— Exercise data —
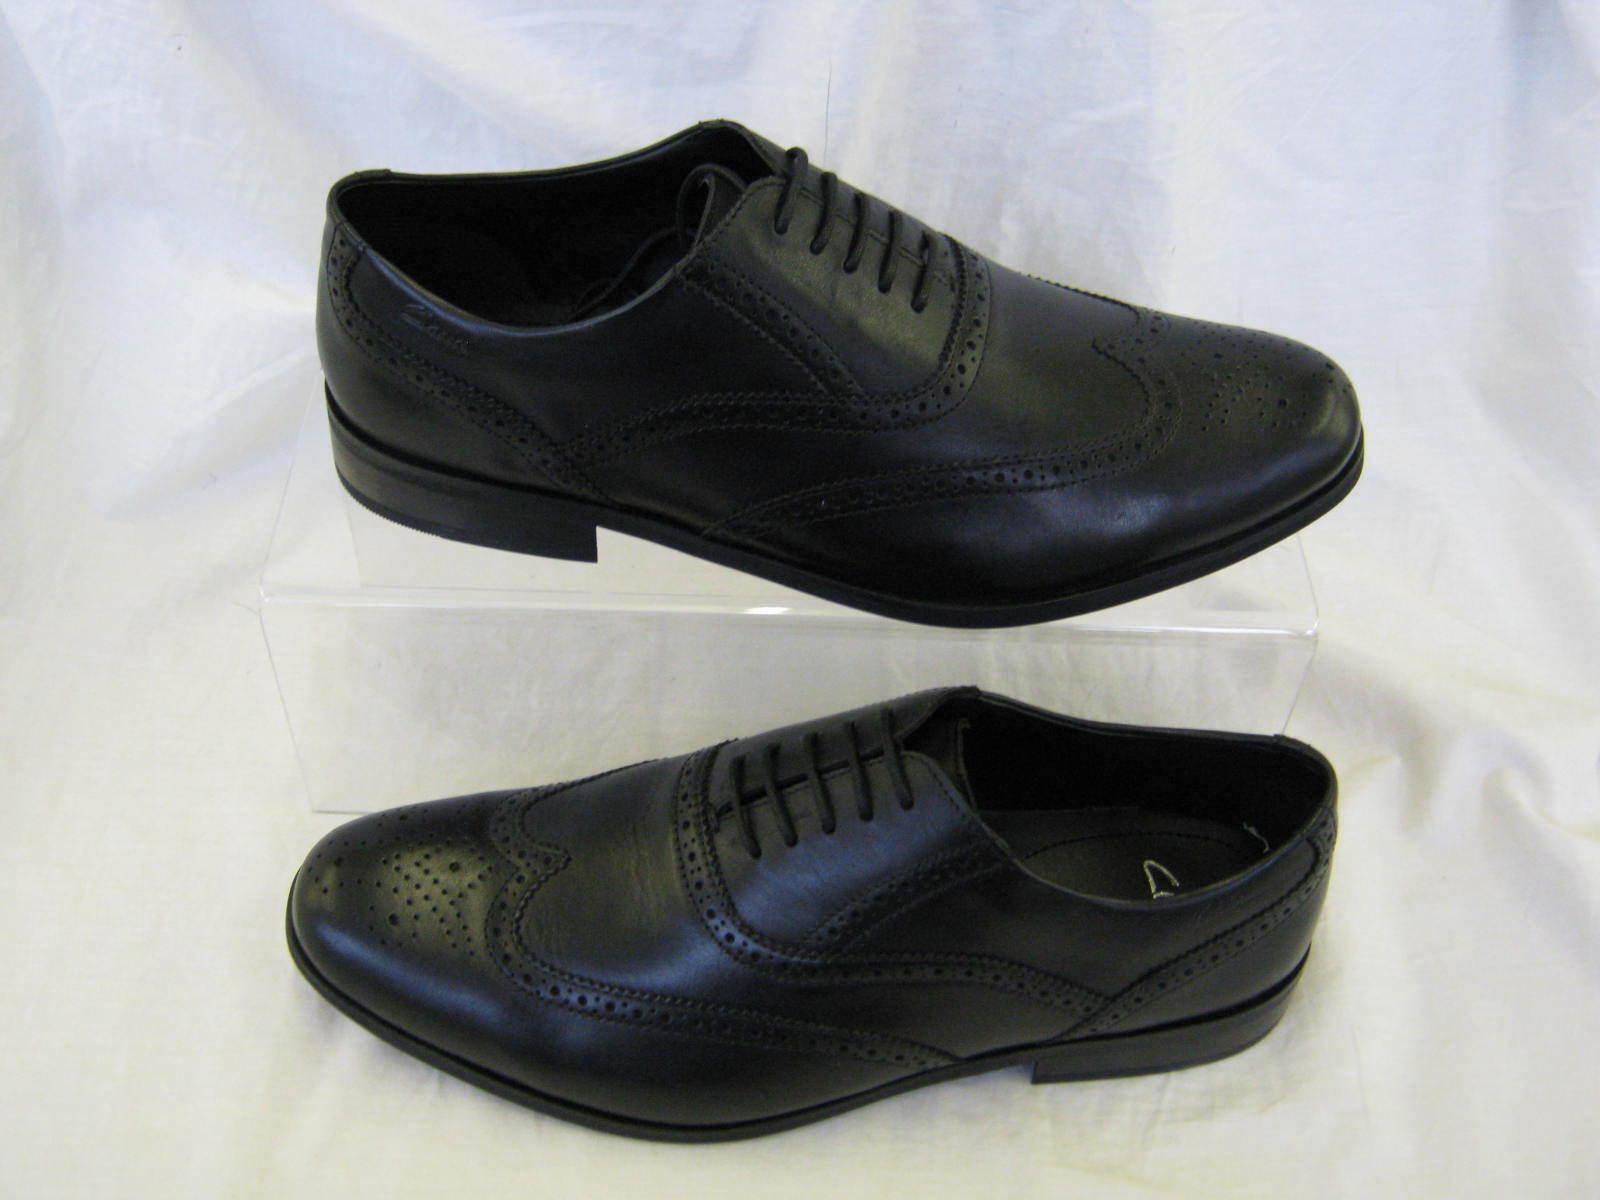 Herren Clarks schwarzes Leder Spitze bis Schuh BRINT Brogues
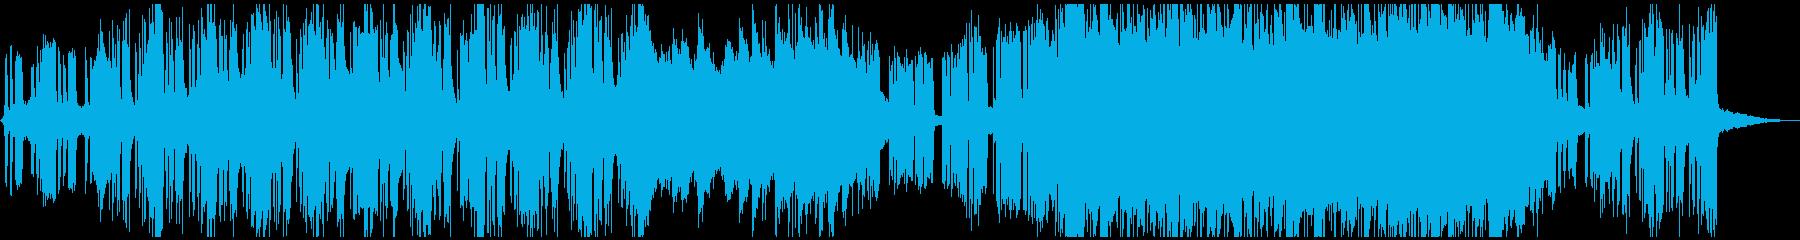 ゆったりしたロック系ゴリゴリBGMの再生済みの波形
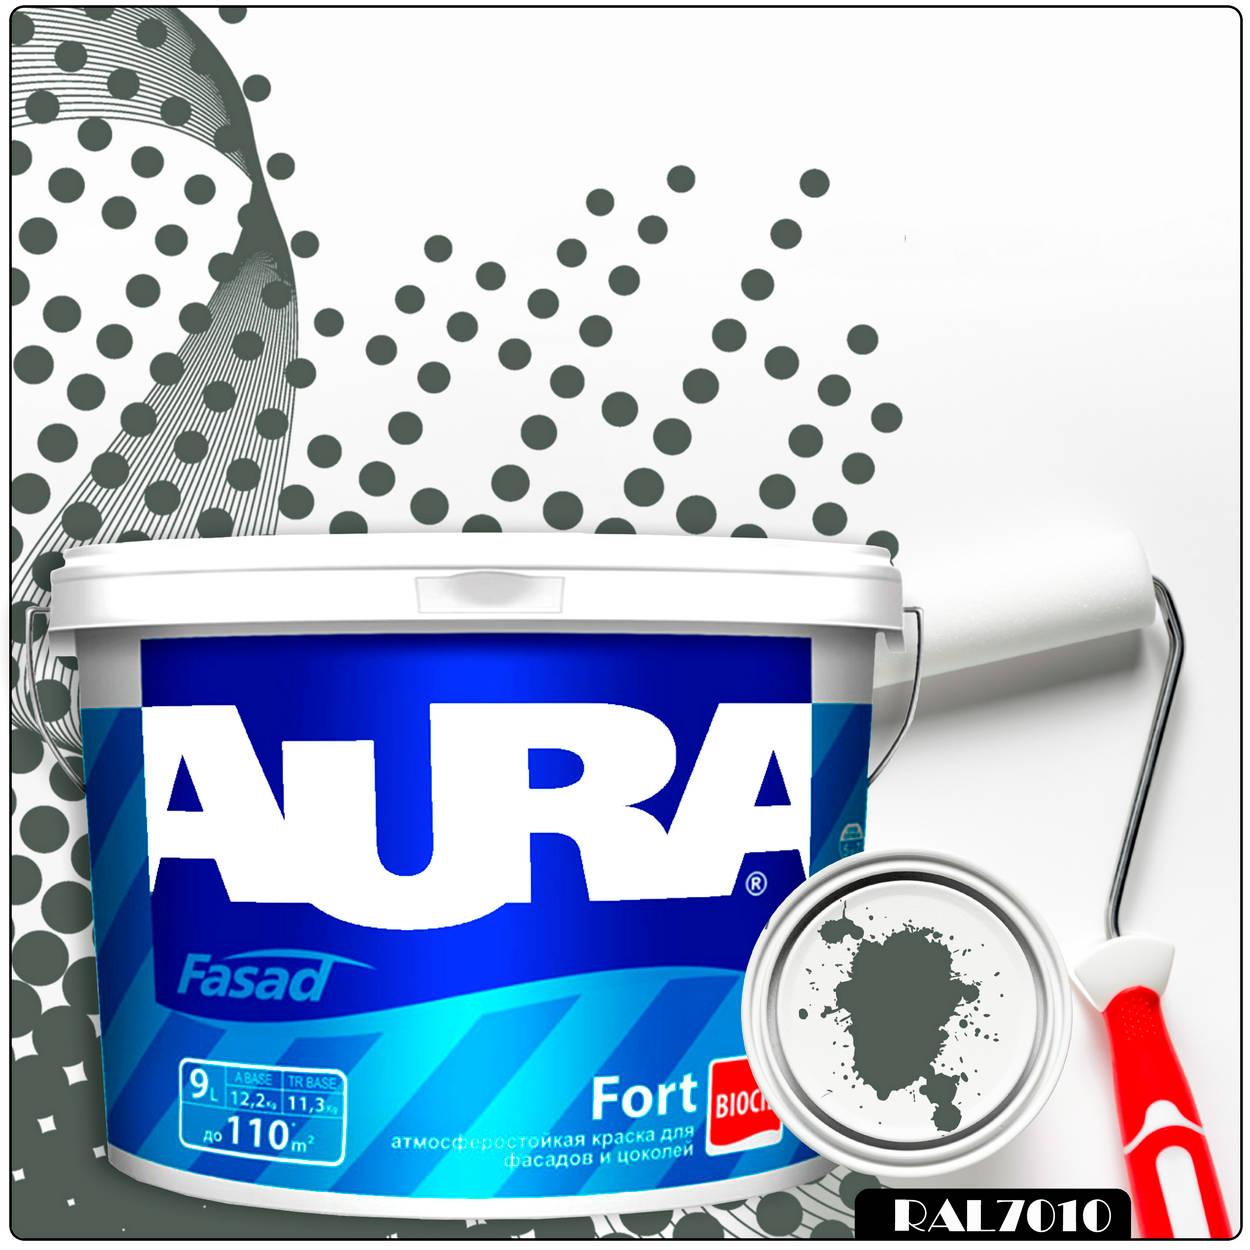 Фото 9 - Краска Aura Fasad Fort, RAL 7010 Серый брезент, латексная, матовая, для фасада и цоколей, 9л, Аура.

— Work item —
Reproduce the data above line for line, excluding every picture.

— Solved problem —
 Herren Clarks schwarzes Leder Spitze bis Schuh BRINT Brogues
 ゆったりしたロック系ゴリゴリBGMの再生済みの波形
 Фото 9 - Краска Aura Fasad Fort, RAL 7010 Серый брезент, латексная, матовая, для фасада и цоколей, 9л, Аура.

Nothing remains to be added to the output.